**Goal of the exercise:** Of the lines in the data below, write out exactly those from the one holding "Where to See" through the one holding "isolated, Stock Vector", both included.

BEGIN Given records

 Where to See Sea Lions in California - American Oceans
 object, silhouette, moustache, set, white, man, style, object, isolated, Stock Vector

END Given records
BEGIN Given records

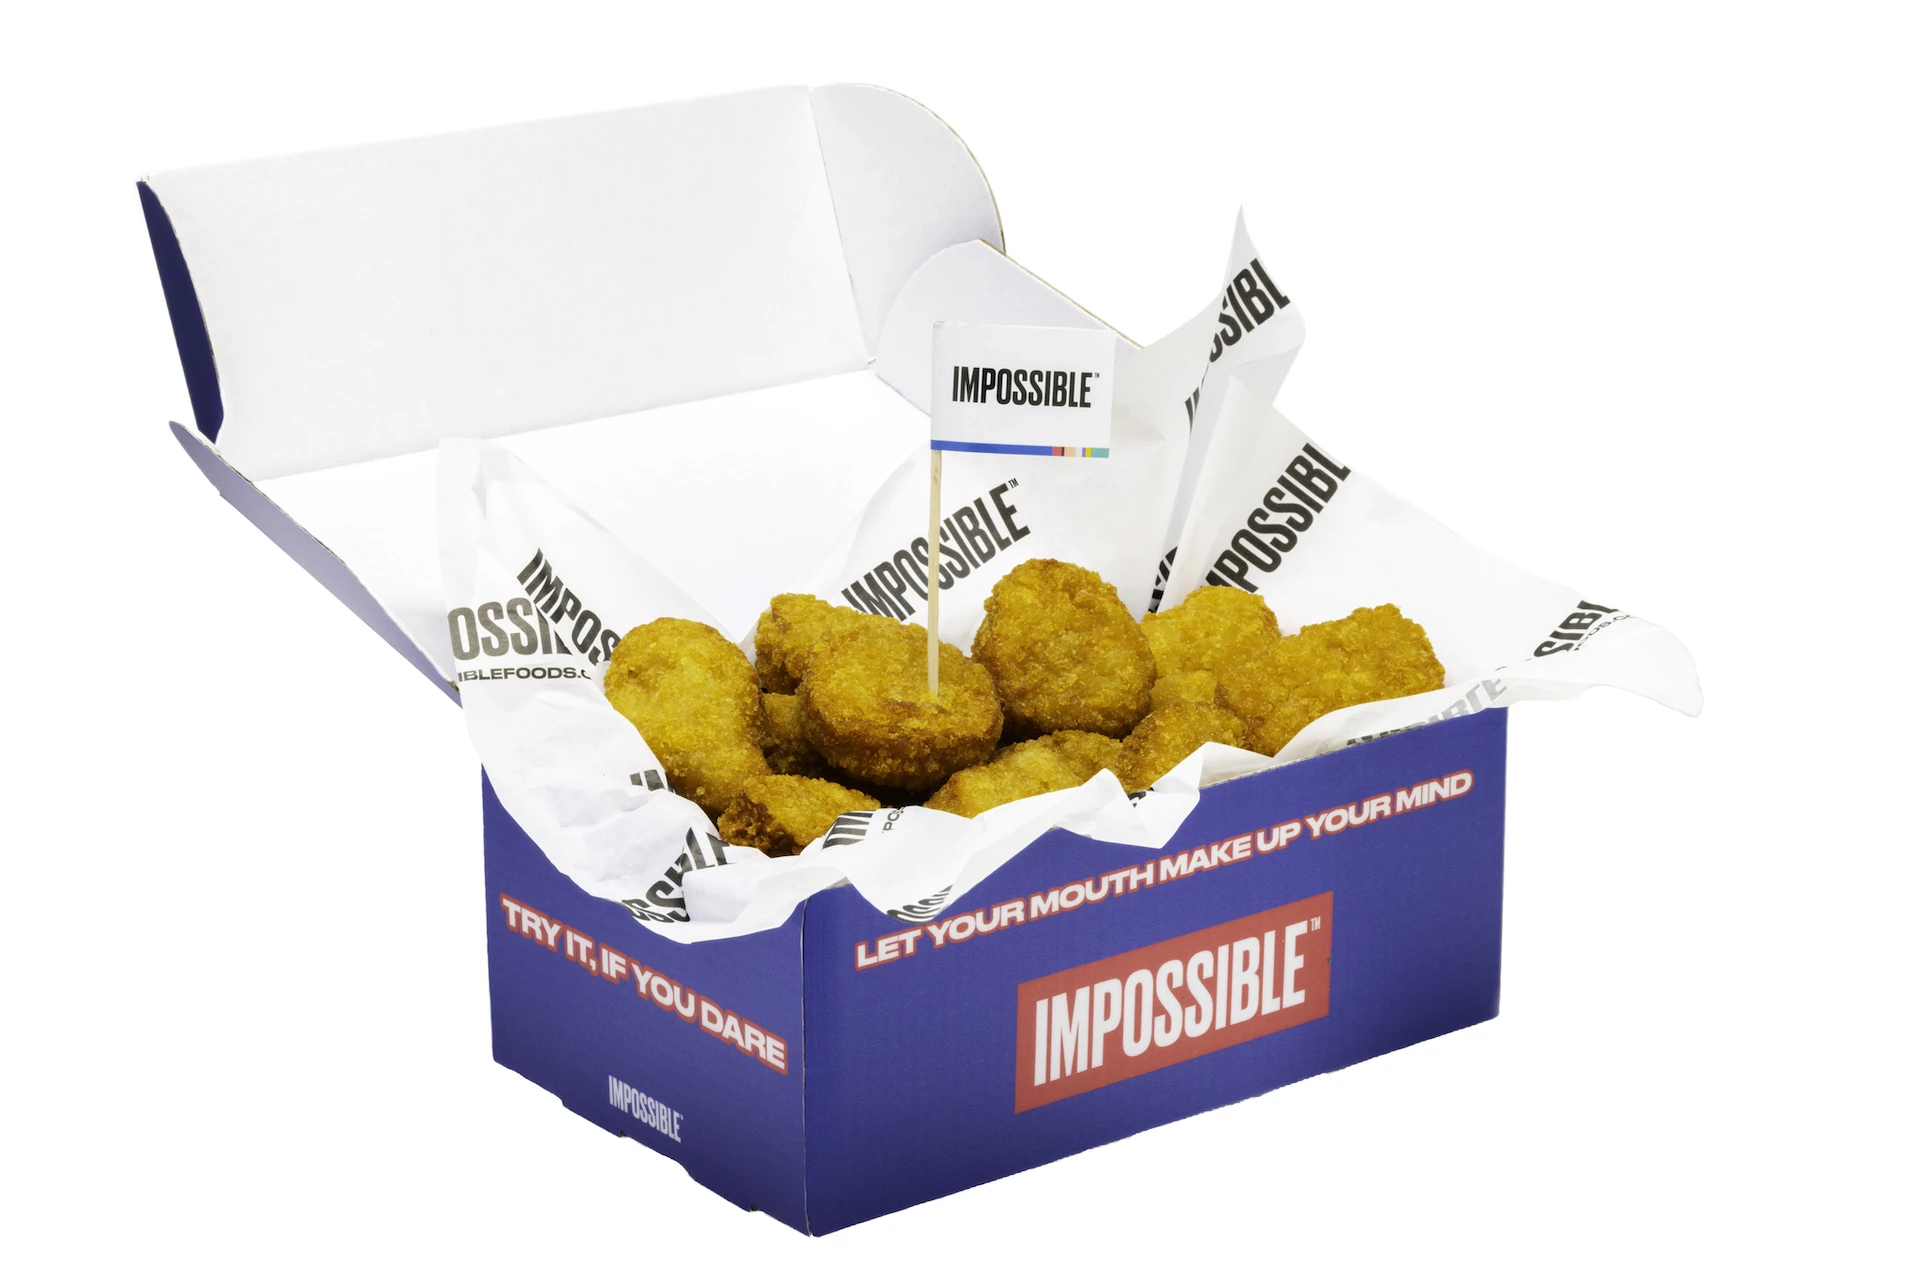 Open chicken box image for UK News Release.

END Given records

**Exercise answer:**
 Where to See Sea Lions in California - American Oceans
 object, silhouette, moustache, set, white, man, style, object, isolated, Stock Vector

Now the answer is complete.